Instruction for the entries below: return the part that opens with the line containing "Pierścionek Z żółtego" and closes with the line containing "旭川高専のランク、ボーダーラインはどれくらい?", exactly, and no pictures.

> [RECORDS SUPPLIED]:
-------------------------
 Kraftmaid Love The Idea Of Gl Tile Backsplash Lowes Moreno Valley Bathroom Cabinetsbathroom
-------------------------
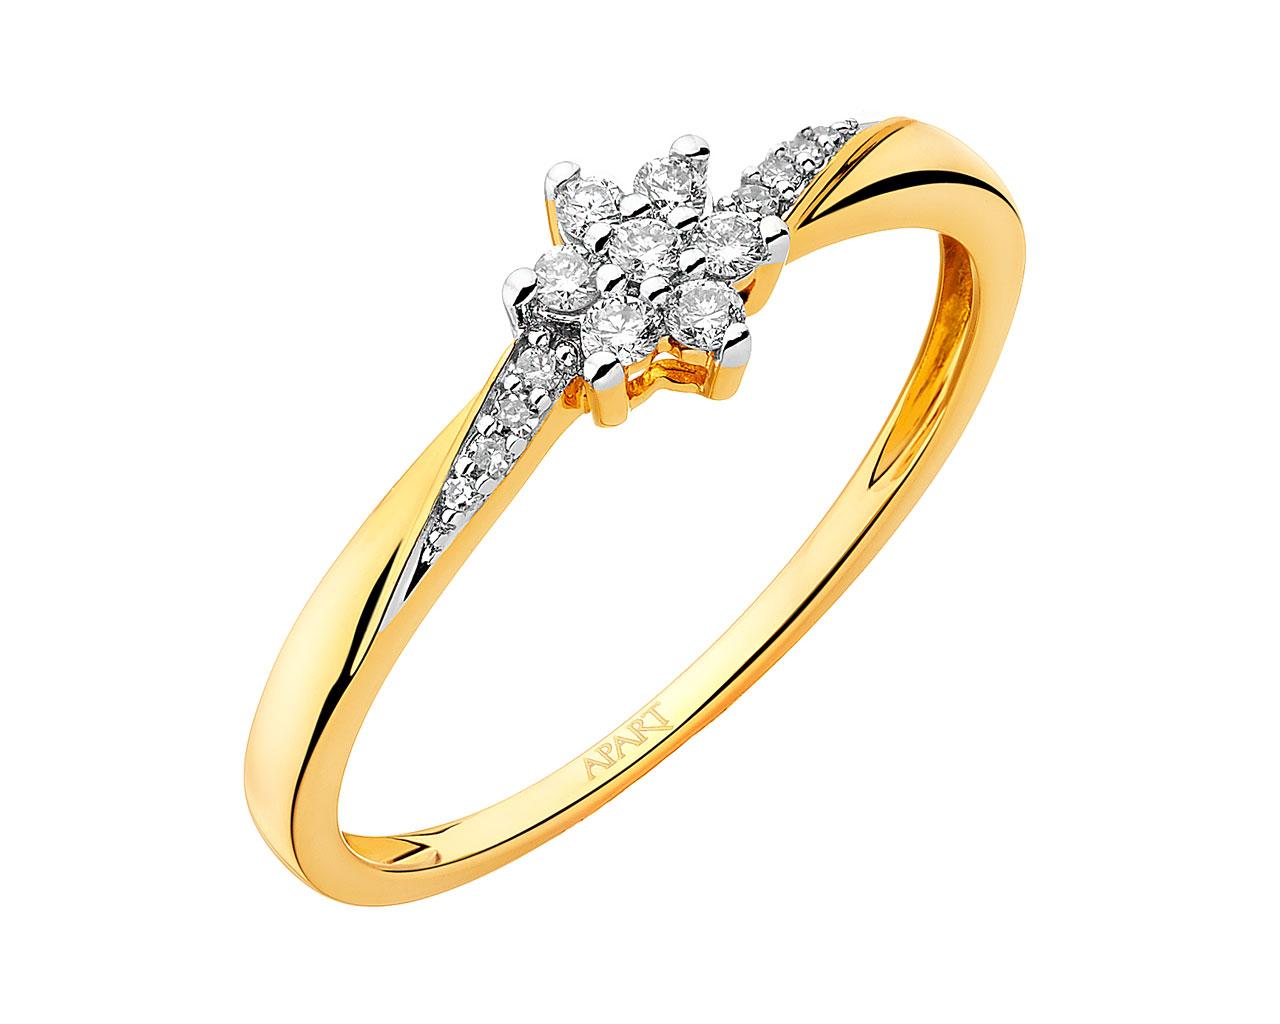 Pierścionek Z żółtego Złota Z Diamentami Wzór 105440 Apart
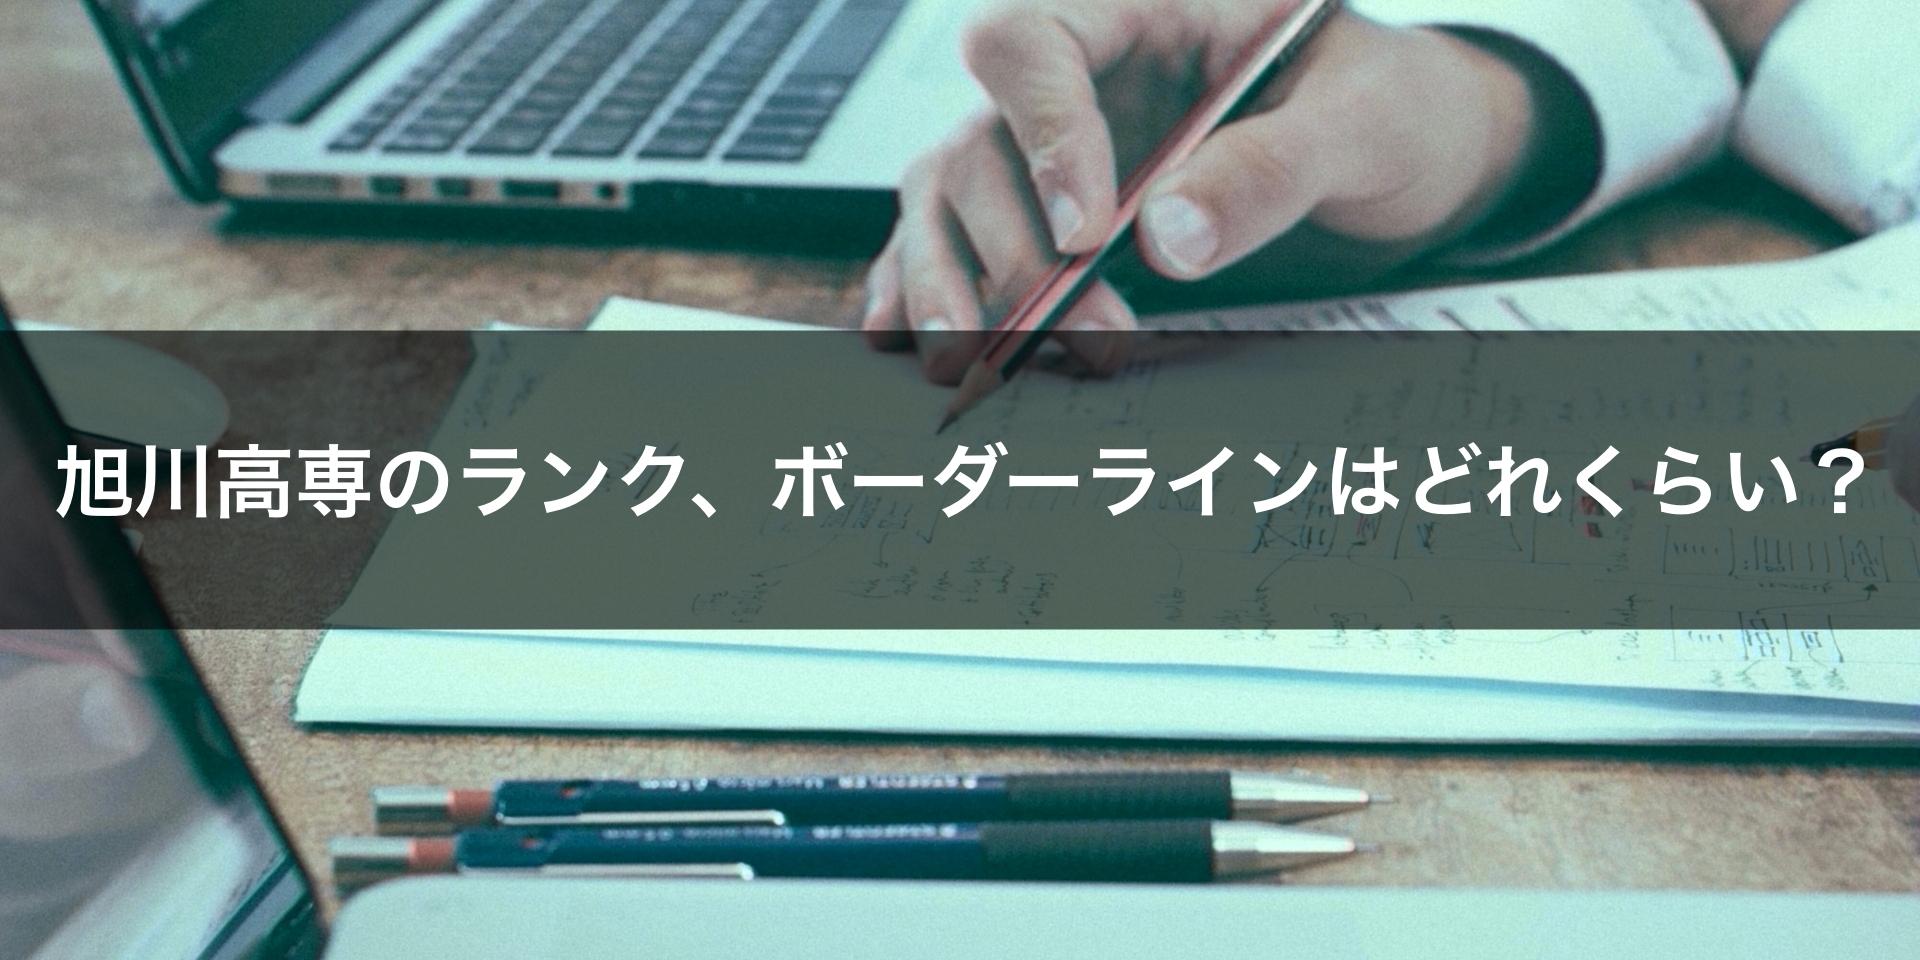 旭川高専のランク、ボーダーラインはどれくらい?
-------------------------
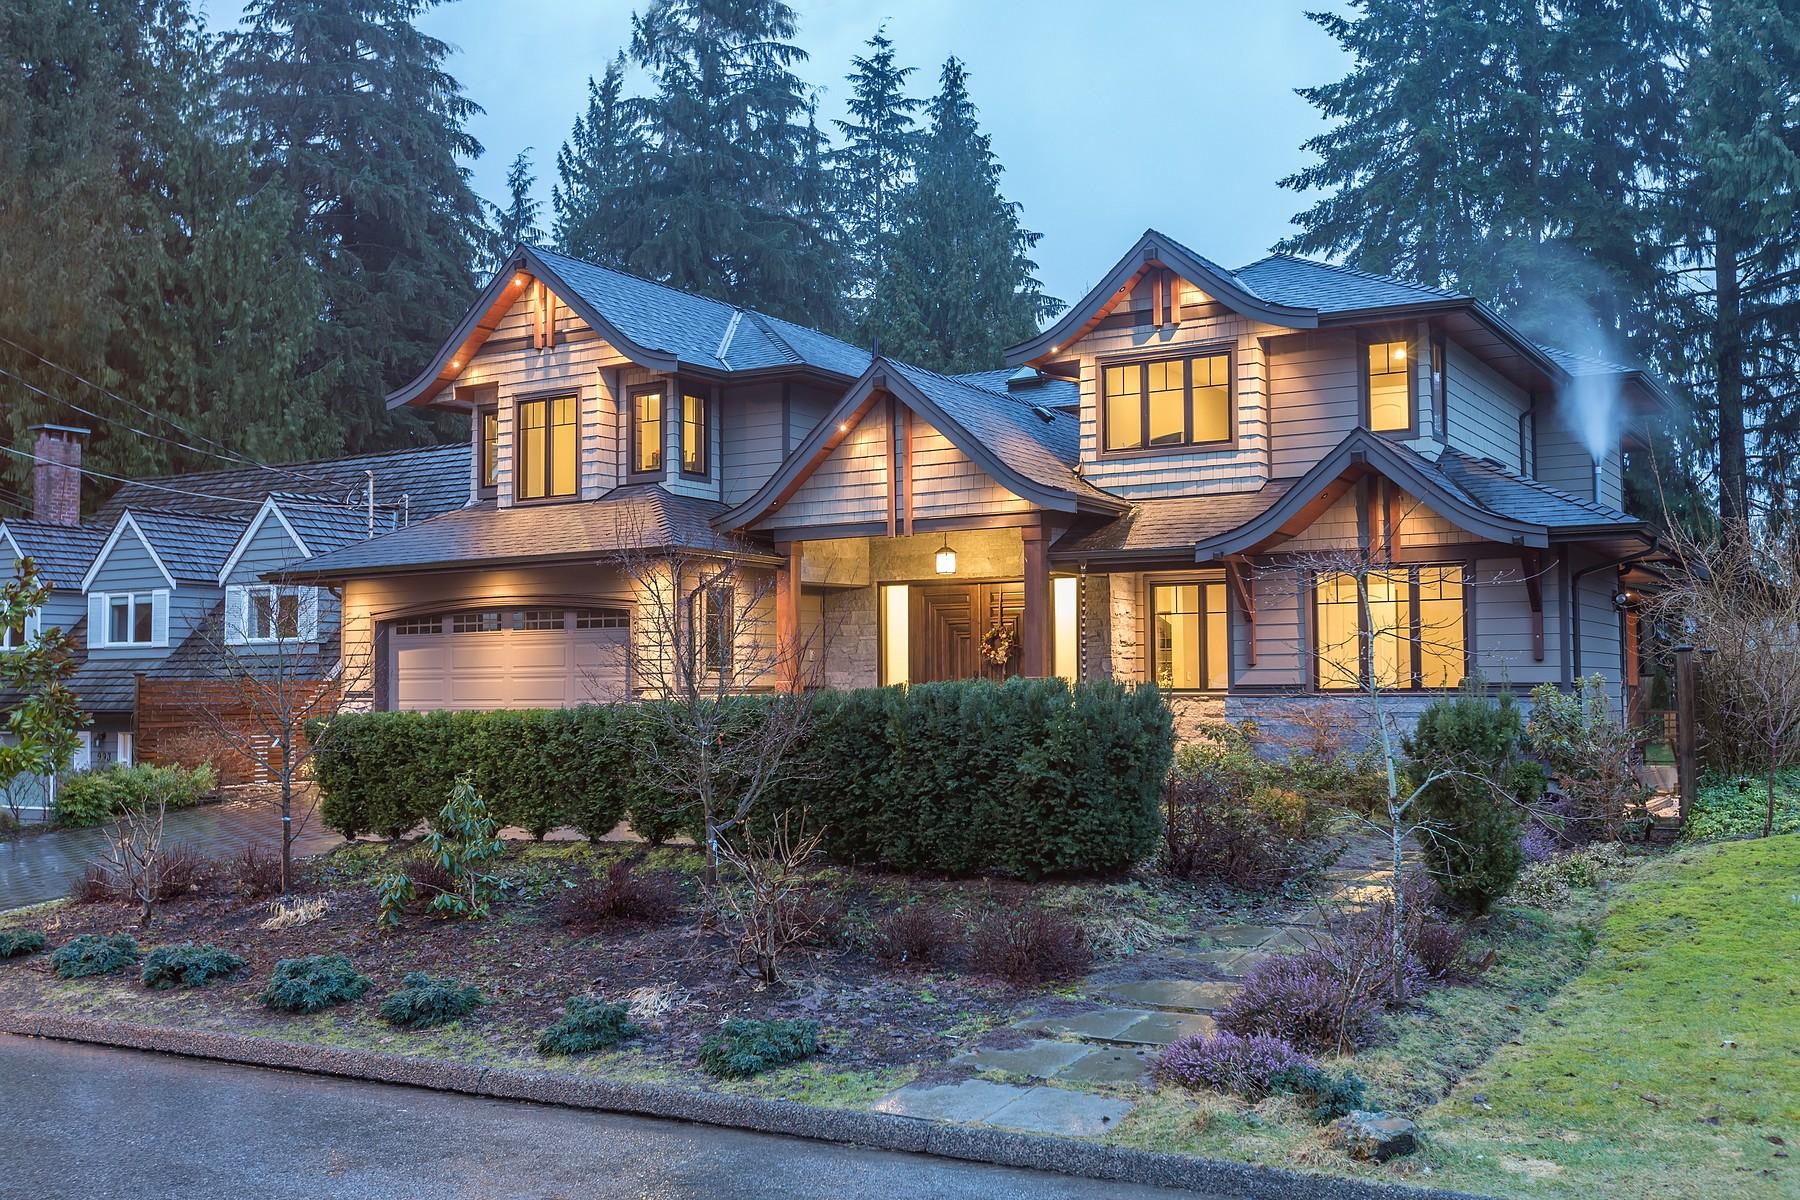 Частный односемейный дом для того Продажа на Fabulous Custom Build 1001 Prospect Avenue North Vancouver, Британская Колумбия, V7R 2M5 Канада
-------------------------
> [SOLUTION TO THIS EXERCISE]:
 Pierścionek Z żółtego Złota Z Diamentami Wzór 105440 Apart
 旭川高専のランク、ボーダーラインはどれくらい?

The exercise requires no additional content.